Visages du Québec : Lamia, entre le cèdre et l’érable

Grande amoureuse du Liban, Lamia Charlebois entretient sa flamme en visitant souvent son pays d’origine, mais aussi en rassemblant la diaspora grâce au groupe Facebook Libanais de Montréal — Sirop d’arabe. Depuis 2011, elle y déploie son authenticité et son énergie, et elle n’en déroge pas.

En avril dernier, elle s’est rendue au Liban pour visiter famille et amis, donner un atelier et rencontrer des clients, car elle travaille à son compte dans les relations publiques. La veille de son départ, elle a envoyé un courriel à l’épouse du nouveau président pour se présenter et lui proposer de collaborer. Une heure après, le cabinet lui a répondu et la rencontre a eu lieu lors du voyage. « J’ai ajouté un tailleur dans ma valise et c’était ça », lance-t-elle. Voici Lamia Charlebois : une femme fougueuse, passionnée, authentique, habile avec les mots, et drôle en plus !

En 1984, en pleine guerre civile, elle a quitté le Liban pour s’installer au Canada. Elle a vécu dans quatre villes pour éventuellement revenir s’établir à Montréal en 2003 avec sa fille Layla alors âgée de 4 ans et demi. Mère monoparentale et sans famille ici, elle a dû se débrouiller seule. Mais sa fibre rassembleuse se faisait déjà sentir.

Elle a commencé à organiser des rencontres avec d’autres mamans, qui sont devenus des rituels hebdomadaires. Deux mamans, quatre, puis douze. Quelqu’un lui a demandé il y a longtemps pour quelle raison elle faisait tout ça.

« Je refuse que quelqu’un lutte et souffre seul. Parce qu’on lutte tous et on souffre tous. Mais seuls, c’est l’enfer. Si tu as une petite communauté autour de toi, ça aide. »

De la carte de Montréal au groupe Facebook

On se passait le mot sur sa volonté d’aider les nouveaux arrivants : les gens l’appelaient sur son lieu de travail pour lui demander des conseils. Elle leur donnait rendez-vous, apportait sa carte de Montréal et les aidait à s’y retrouver en entourant les lieux d’un coup de crayon. En 2011, elle a démarré le groupe Facebook, qui compte aujourd’hui près de 14 000 membres. « Je me suis dit enfin, je peux tout gérer en étant en pyjama chez moi ! »

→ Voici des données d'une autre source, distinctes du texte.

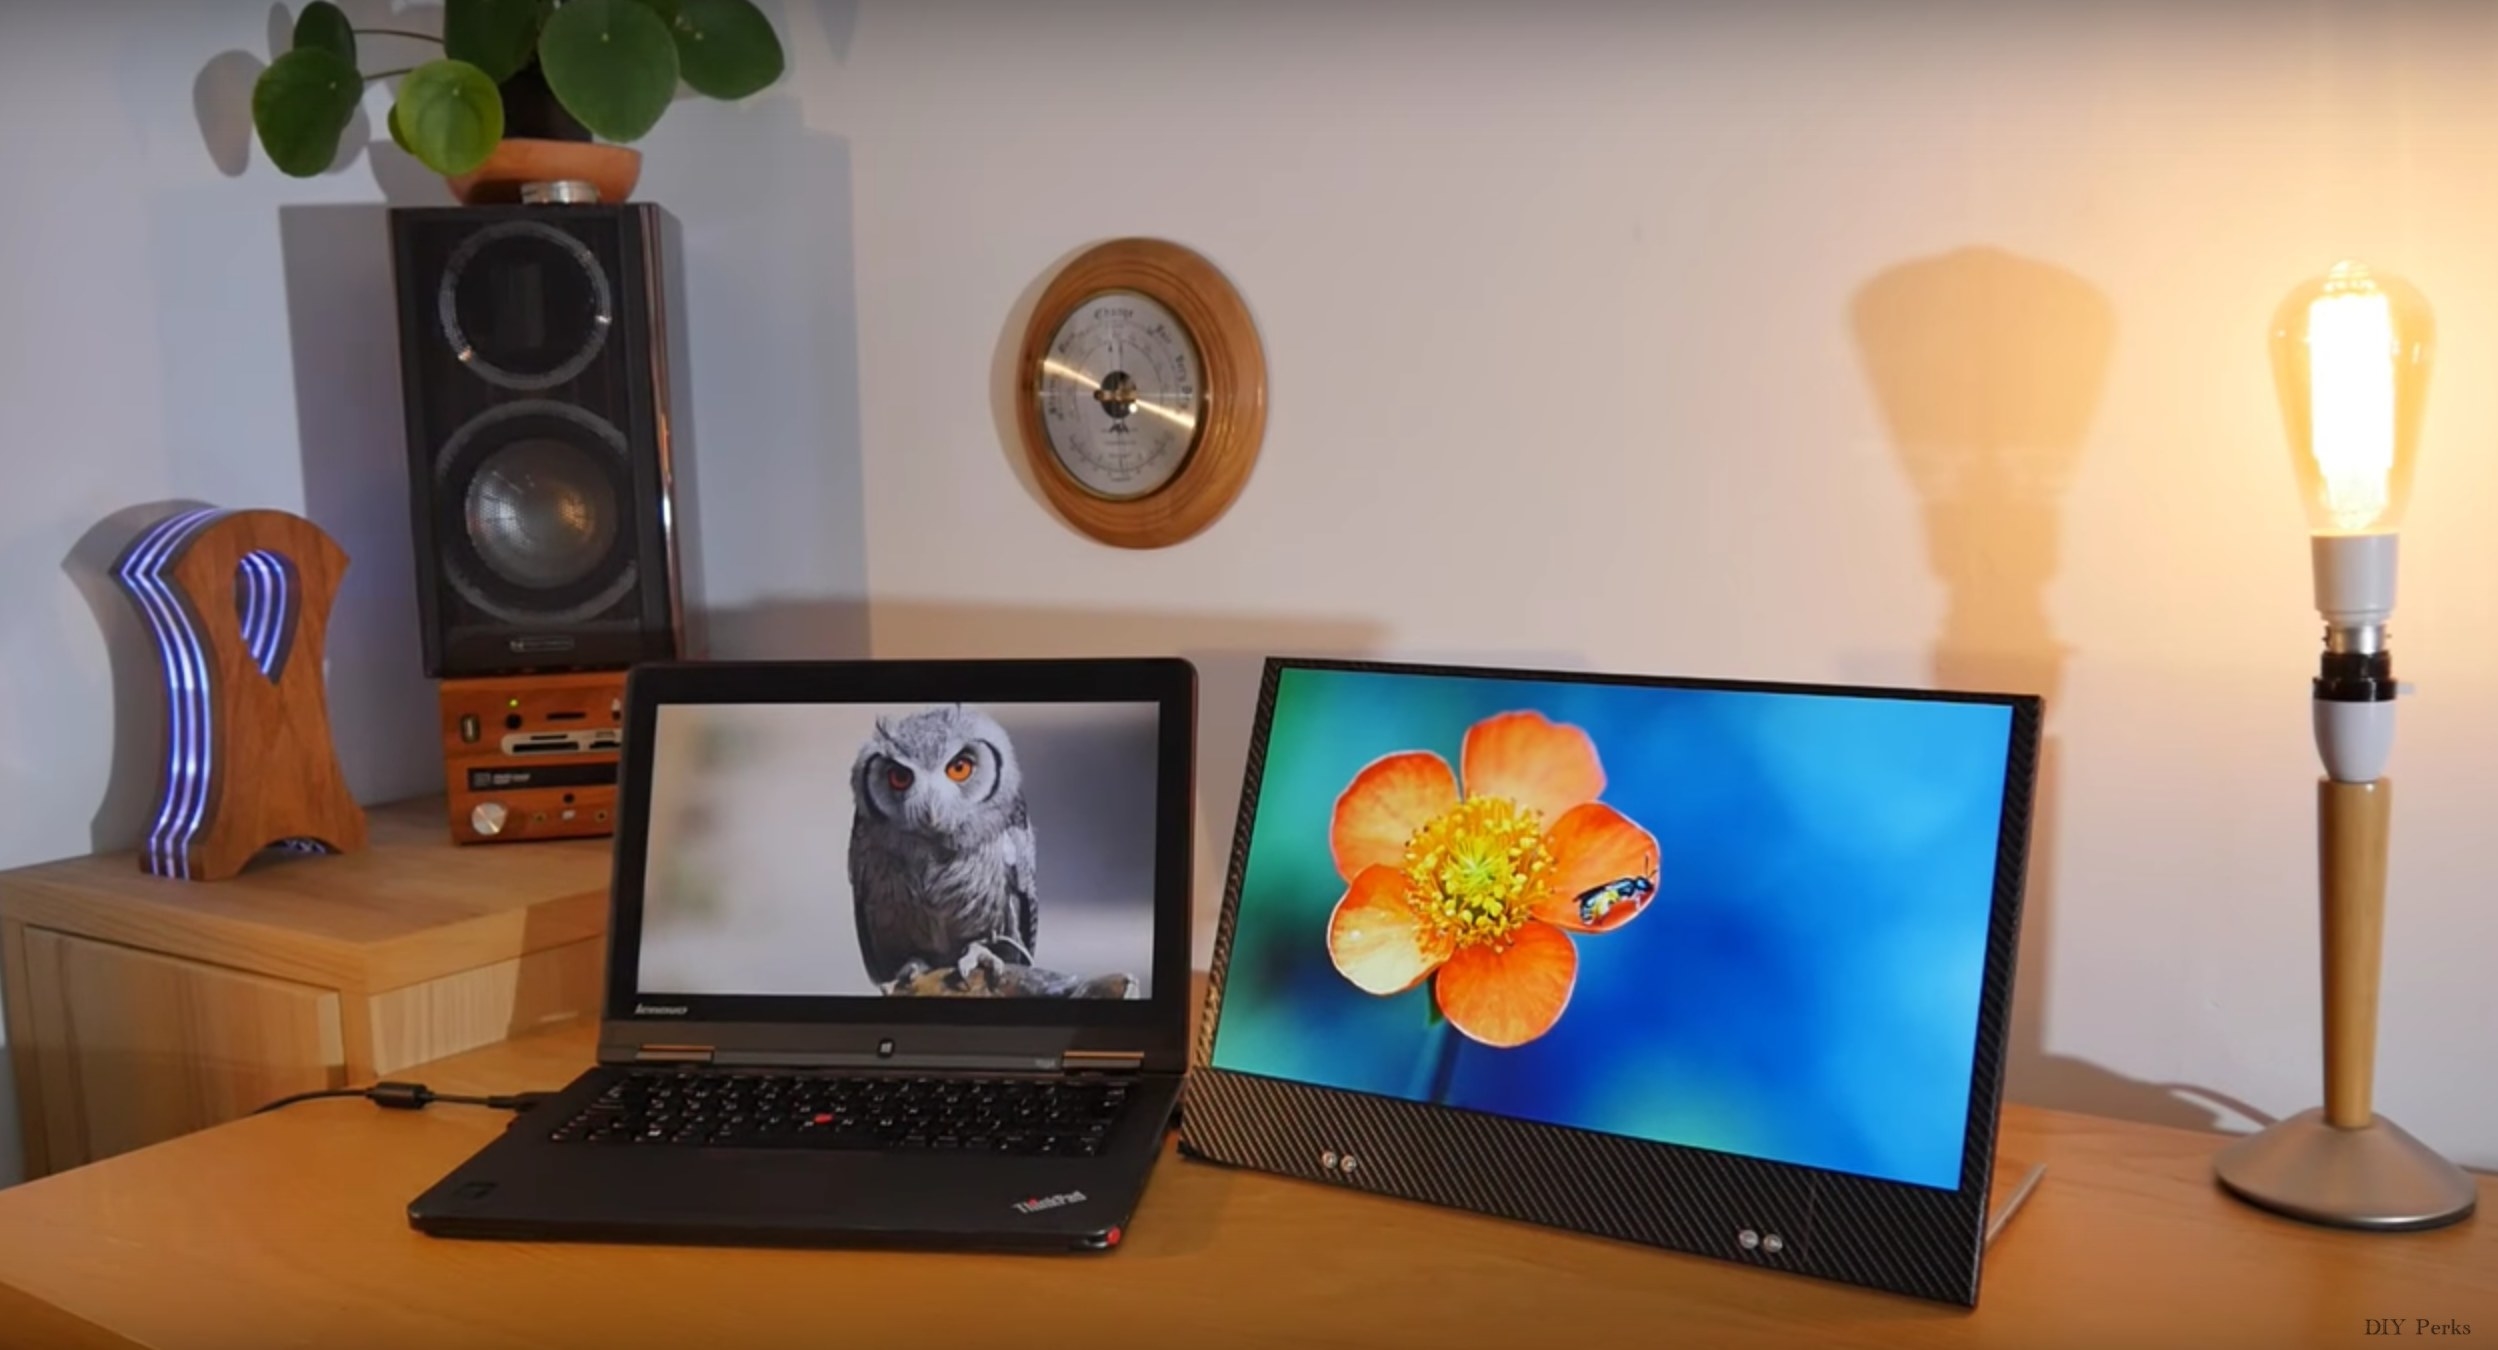 Two screen setup with a laptop and other monitor on a desk
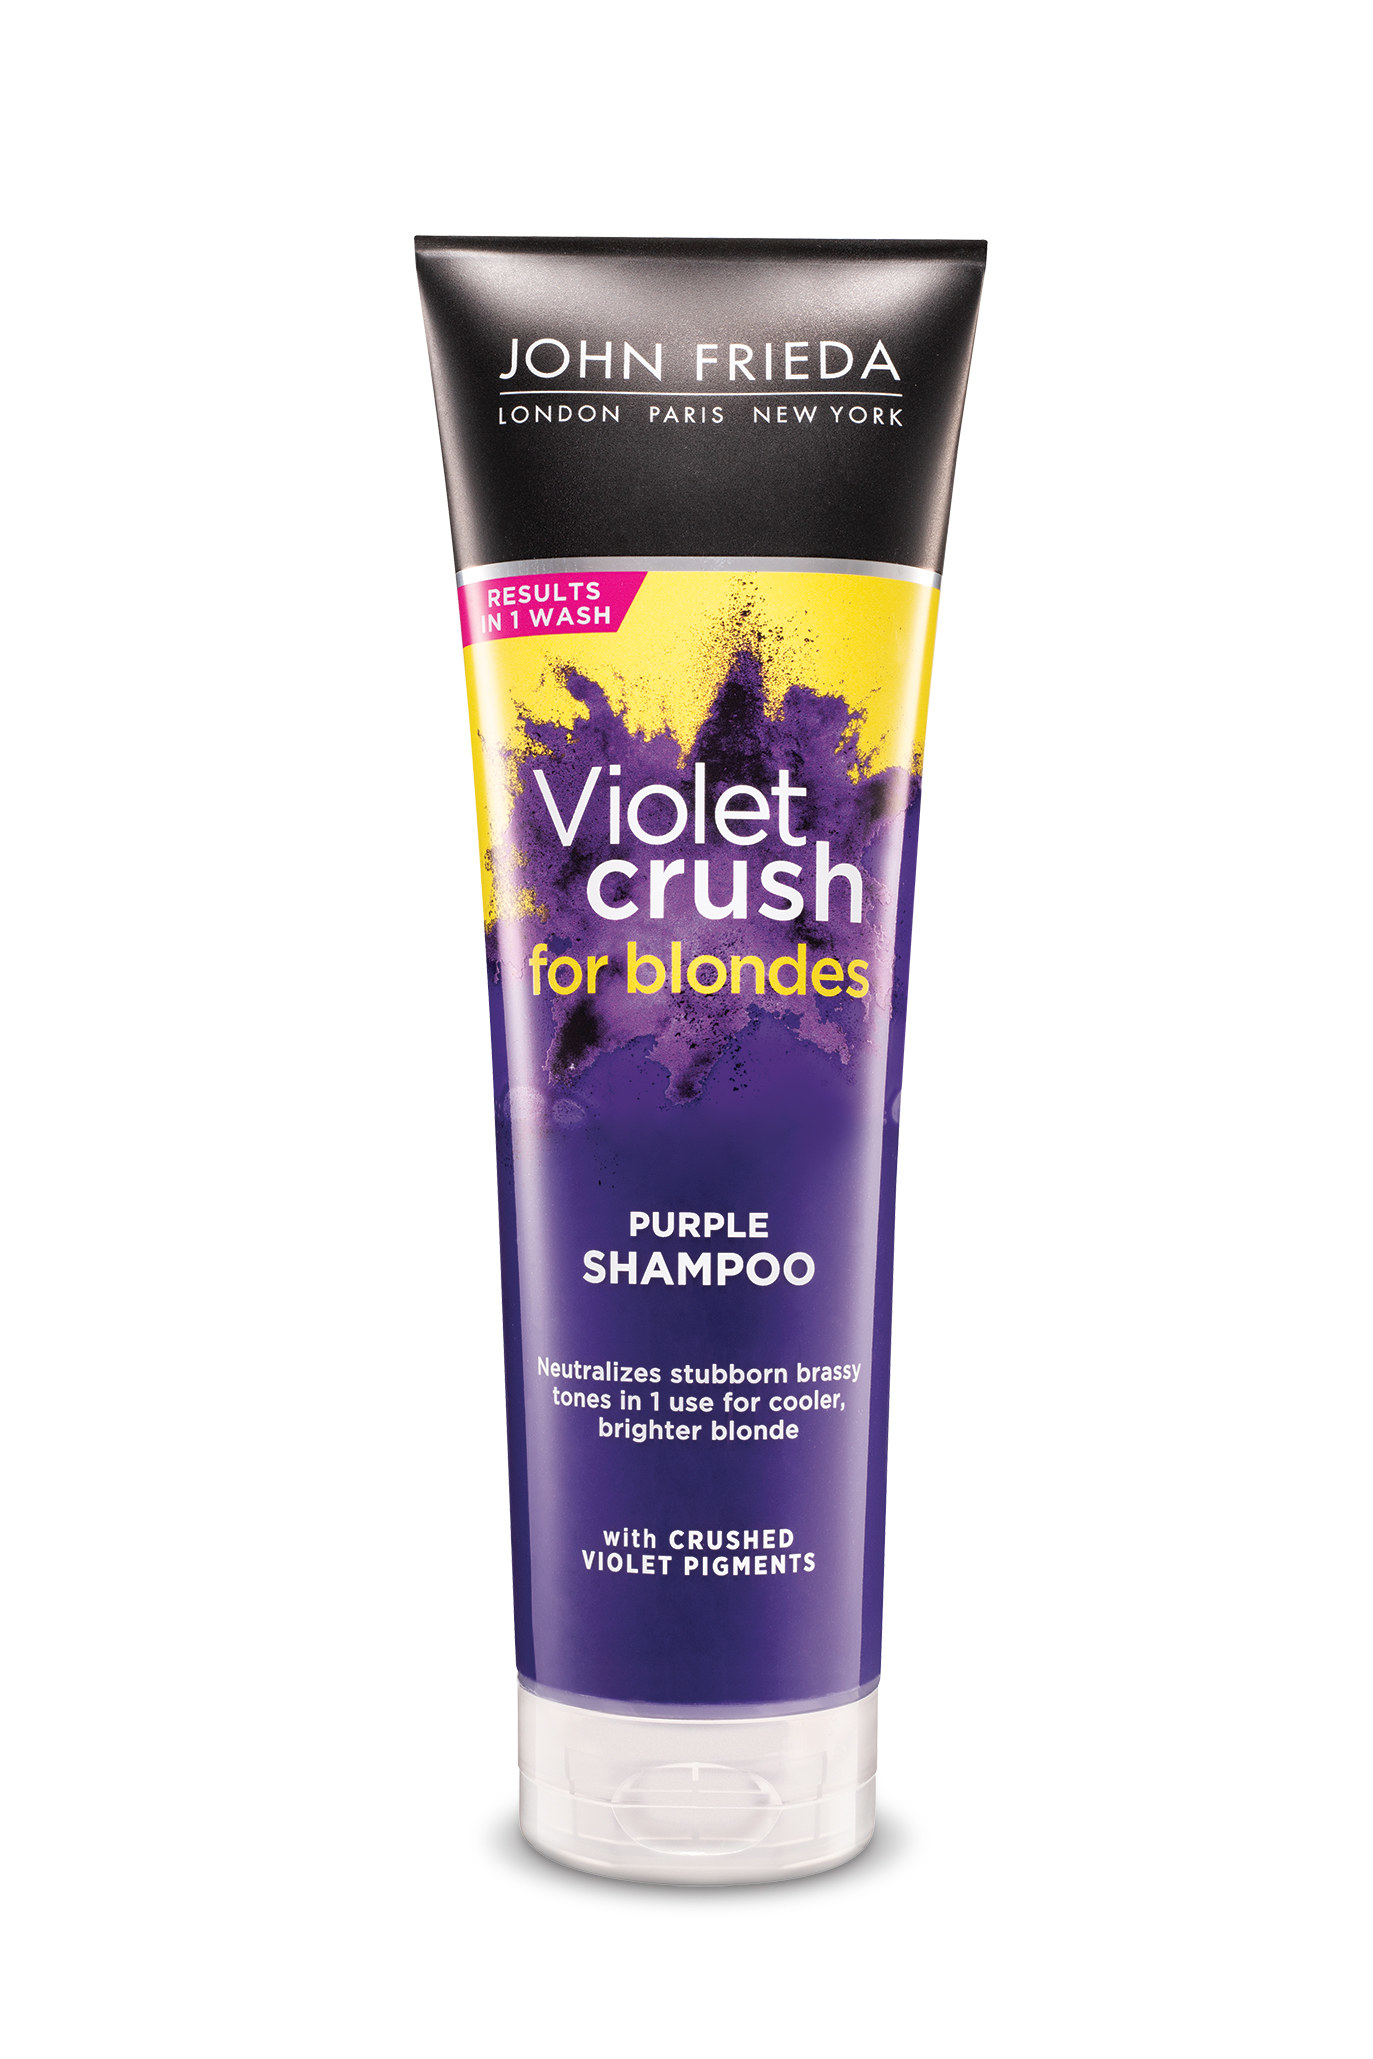 A bottle of the Violet Crush shampoo

Pour le meilleur et pour le pire

Sur ce groupe, les gens demandent où trouver le meilleur knefeh (une pâtisserie libanaise), un coiffeur, une dentiste, se demandent s’il vaut mieux inscrire les enfants à l’école publique ou privée, par exemple. Des histoires très fortes sont aussi partagées, comme celle d’une jeune fille de 15 ans atteinte d’une leucémie qui souhaitait voyager au Liban pour se donner le courage de revenir se battre ici. Une cagnotte a été lancée et, en trois jours, l’objectif a été atteint. « Le message du père m’a fait pleurer. Ça a justifié toute l’énergie que je mets », raconte Lamia. « Il y a des gens qui m’arrêtent dans la rue, les larmes aux yeux, et me serrent dans leurs bras. Je ne sais même pas qui ils sont. Ils me disent Ton groupe m’a sauvé ! J’ai trouvé un travail, des amis”. Il y en a même qui me disent Tu m’as réconcilié avec le Liban”, ce qui est énorme », poursuit-elle.

L’entraide sur le groupe est palpable et les membres sont proactifs pour des questions du quotidien, mais aussi dans les moments de crise. Dans les dernières années, au Liban, il y a eu la révolution, la crise financière, l’explosion au port de Beyrouth et la guerre avec Israël. Si le groupe avait un électrocardiogramme, dit Lamia, les mouvements du tracé seraient très intenses. Les discours peuvent s’enflammer, et la colère, la tristesse, les cris du cœur ainsi que le sentiment d’être inutile se chevauchent.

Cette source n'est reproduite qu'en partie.